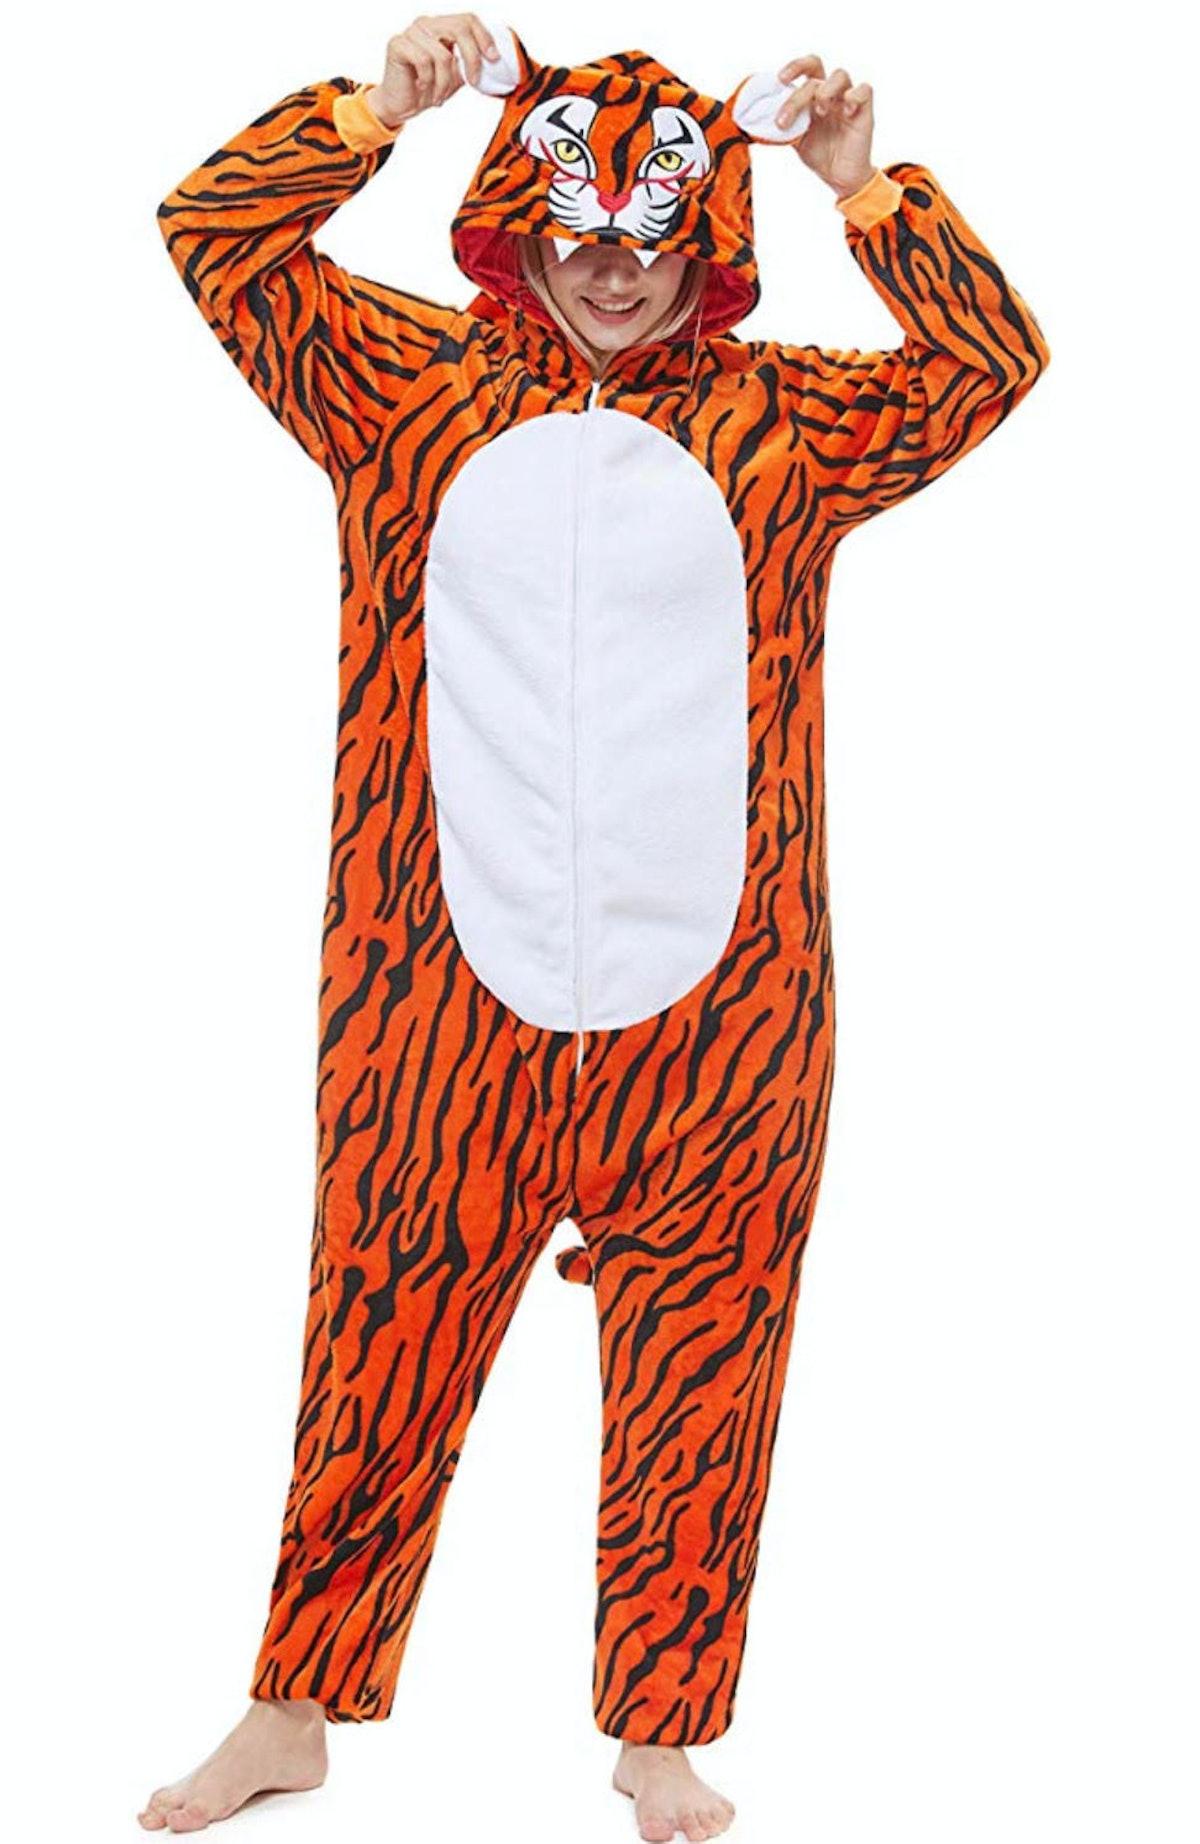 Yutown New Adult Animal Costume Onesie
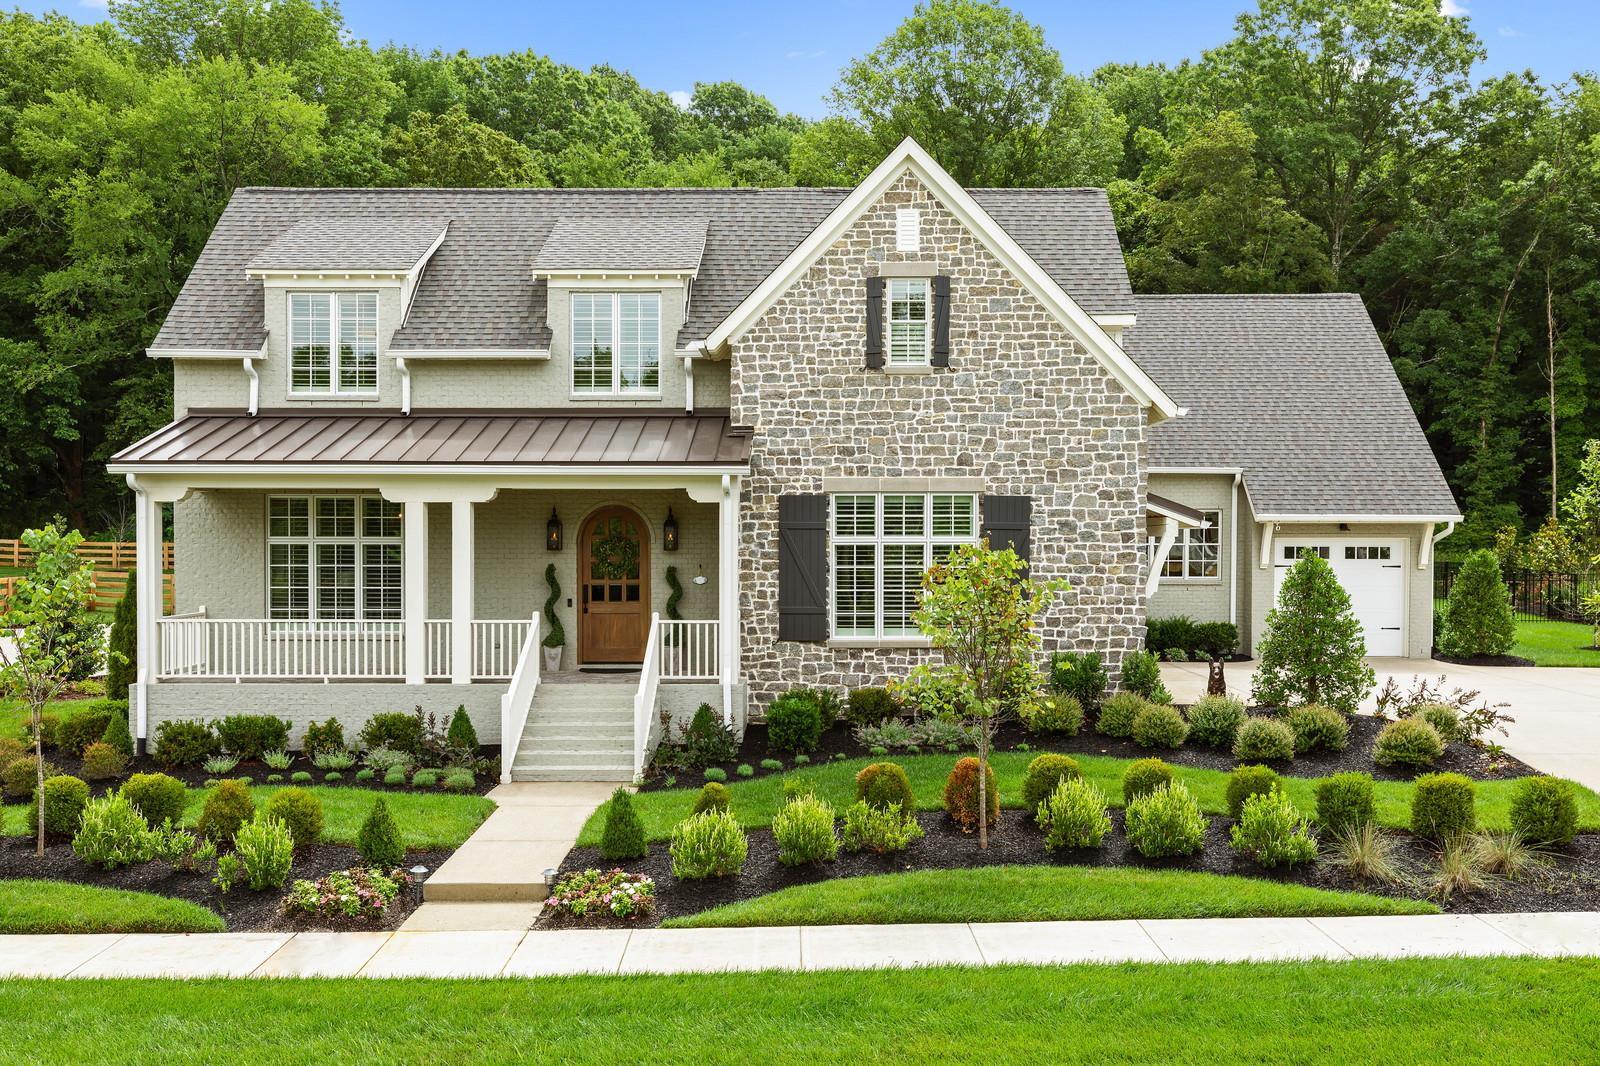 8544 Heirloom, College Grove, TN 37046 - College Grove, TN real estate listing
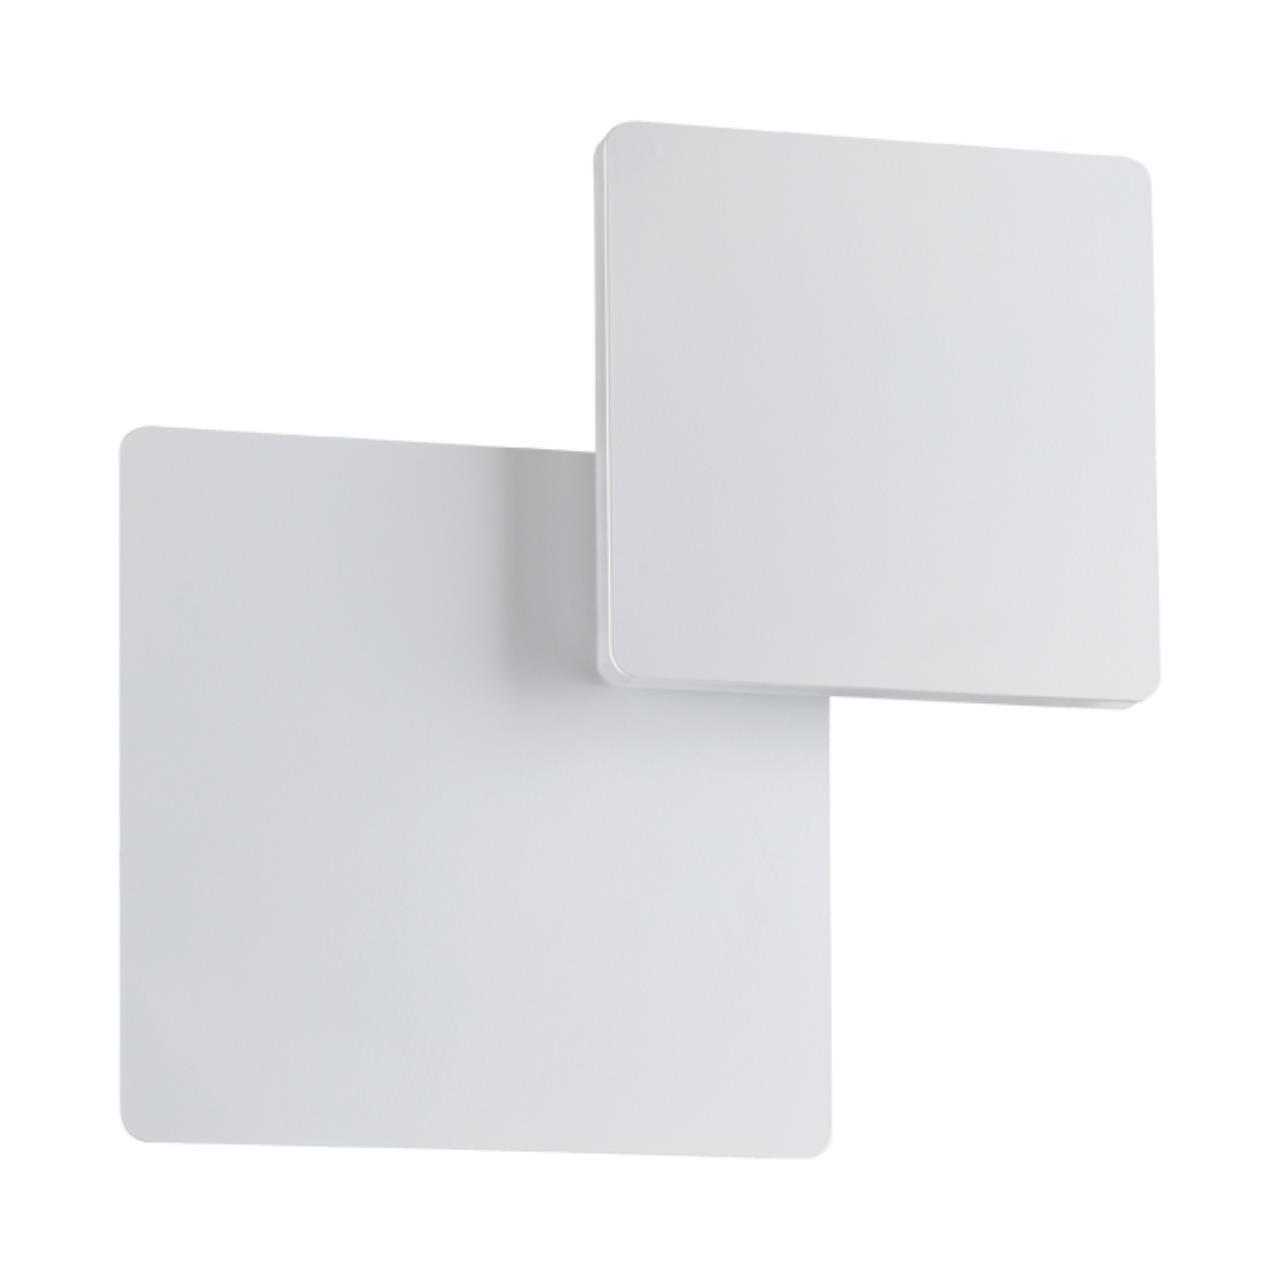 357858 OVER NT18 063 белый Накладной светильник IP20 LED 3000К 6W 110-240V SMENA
+-------+
• Assignment:
Copy out the material word for word, without any images.

• Answer space:
 Yutown New Adult Animal Costume Onesie
 8544 Heirloom, College Grove, TN 37046 - College Grove, TN real estate listing
 357858 OVER NT18 063 белый Накладной светильник IP20 LED 3000К 6W 110-240V SMENA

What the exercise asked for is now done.